Мухи сонно и недовольно гудели по потолку жаркой, темной избы. Каждую
ночь что-нибудь будило их. То корова чесалась боком о стену избы; то крыса
пробегала по отрывисто звенящим клавишам фортепиано и, сорвавшись, с треском
падала в черепки, заботливо складываемые тетей в угол; то старый черный кот
с зелеными глазами поздно возвращался откуда-то домой и лениво просился в
избу; или же прилетал вот этот филин, криками своими пророчивший беду. И
тетя, пересиливая дремоту, отмахиваясь от мух, в темноте лезших в глаза,
вставала, шарила по лавкам, хлопала дверью -- и, выйдя на порог, наугад
запускала вверх, в звездное небо, скалку. Филин, с шорохом, задевая крыльями
солому, срывался с крыши -- и низко падал куда-то в темноту. Он почти
касался земли, плавно доносился до риги и, взмыв, садился на ее хребет. И в
усадьбу опять доносился его плач.

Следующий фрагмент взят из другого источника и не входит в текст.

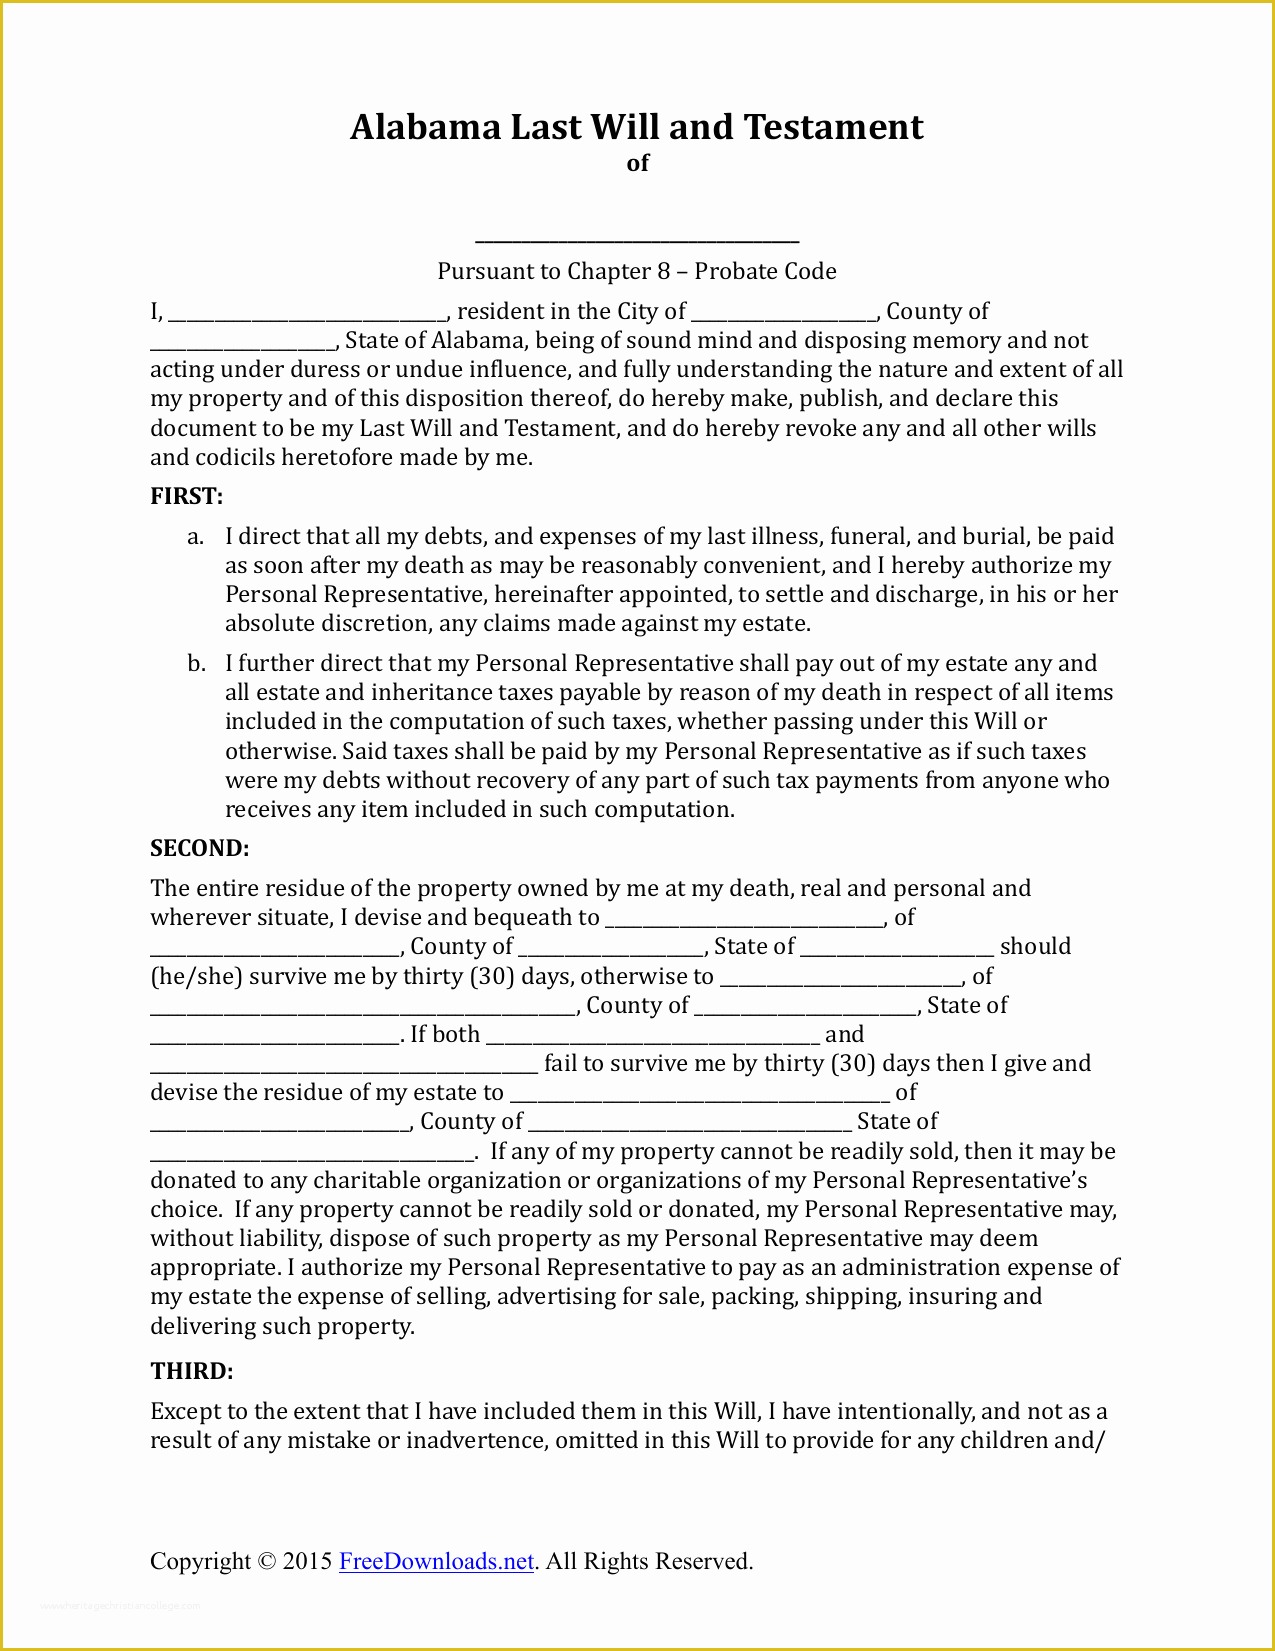 Last Will and Testament Free Template Of Download Alabama Last Will and Testament form Pdf

Он сидел, как будто что-то вспоминая, -- и
вдруг испускал вопль изумления; смолкал -- и внезапно принимался истерически
ухать, хохотать и взвизгивать; опять смолкал -- и разражался стонами,
всхлипываниями, рыданиями... А ночи, темные, теплые, с лиловыми тучками,
были спокойны, спокойны. Сонно бежал и струился лепет сонных тополей.
Зарница осторожно мелькала над темным Трошиным лесом -- и тепло, сухо пахло
дубом. Возле леса, над равнинами овсов, на прогалине неба среди туч, горел
серебряным треугольником, могильным голубцом Скорпион...
Поздно возвращались мы в усадьбу. Надышавшись росой, свежестью степи,
полевых цветов и трав, осторожно поднимались мы на крыльцо, входили в темную
прихожую. И часто заставали Наталью на молитве перед образом Меркурия.
Босая, маленькая, поджав руки, стояла она перед ним, шептала что-то,
крестилась, низко кланялась ему, невидному в темноте, -- и все это так
просто, точно беседовала она с кем-то близким, тоже простым, добрым,
милостивым.
-- Наталья? -- тихо окликали мы.
-- Я-с? -- тихо и просто отзывалась она, прерывая молитву.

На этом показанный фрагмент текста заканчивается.